3.2. Vertex-based Analysis

Fig. 1 shows the clusters with a significant between-group difference in the CT. For each of three between-group comparisons, MDD vs. BD, MDD vs. HC, and BD vs. HC, in the CT, the detailed information is described as follows.

  • MDD vs. BD: There is only one cluster that was thinner in patients with BD compared to MDD (referred to as C1), which is located in the left rostral middle frontal cortex (rMFC), (Fig. 1 and Table 2). According to Eq. (2), we obtained RABD-MDD = − 3.5%; that is, the CT of the BD group was 3.5% thinner than that of the MDD group in the left rMFC (Table 2).
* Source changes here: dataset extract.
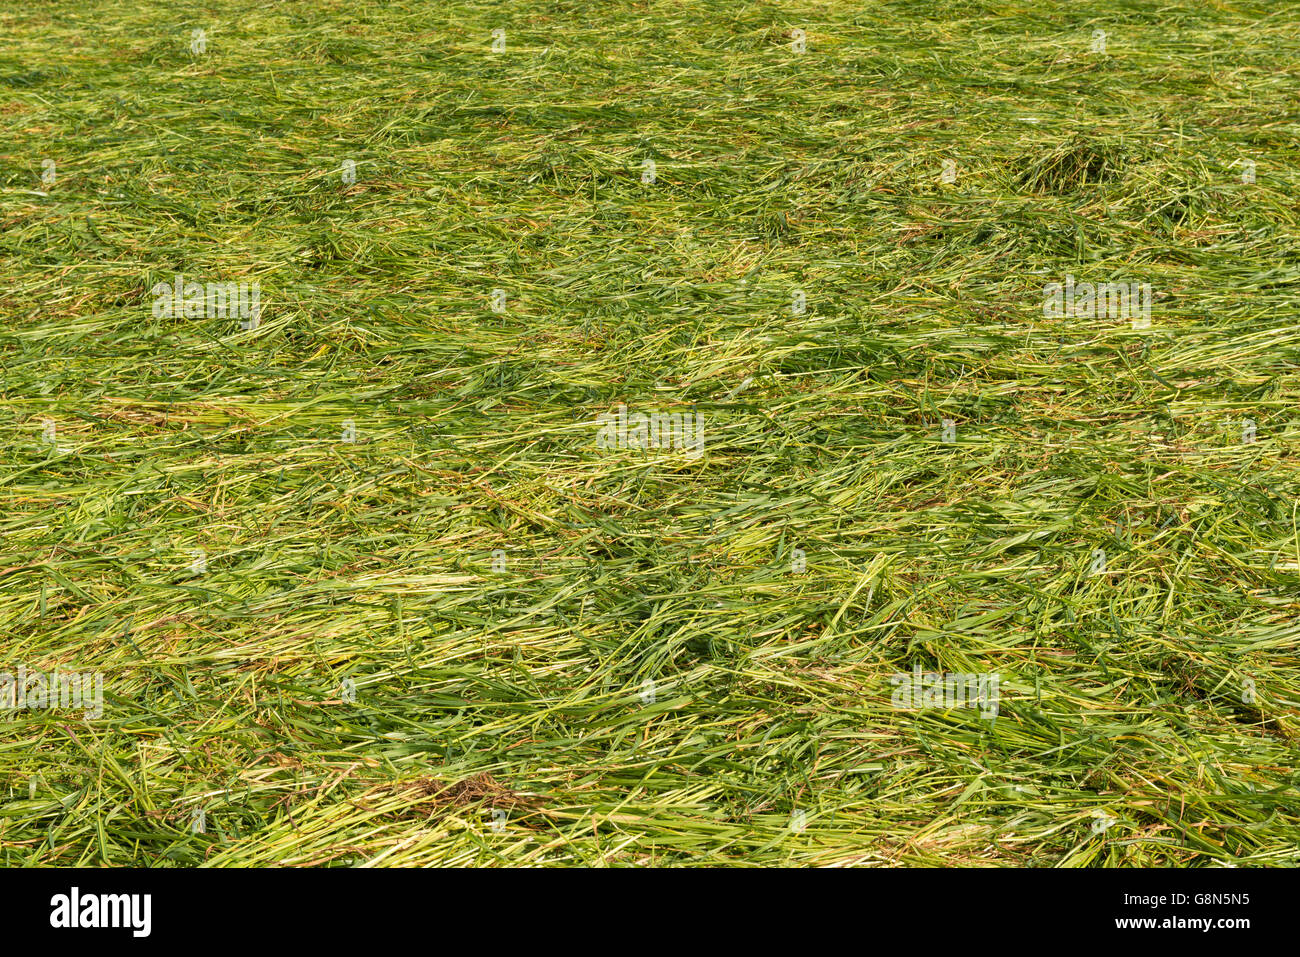 Appena falciata foraggi prati, prati con erba scythed per essiccazione, Hesse, Germania Foto Stock

  • MDD vs. HC: Compared to the controls, there is only one cluster that was significantly thinner in the MDD group (referred to as C2), which is located in the left inferior temporal cortex (ITC) (Fig. 1 and Table 2). We obtained its RAMDD-HC = − 4.3% according to Eq. (3), indicating a thinner CT in the left ITC for the MDD group compared to the controls (Table 2).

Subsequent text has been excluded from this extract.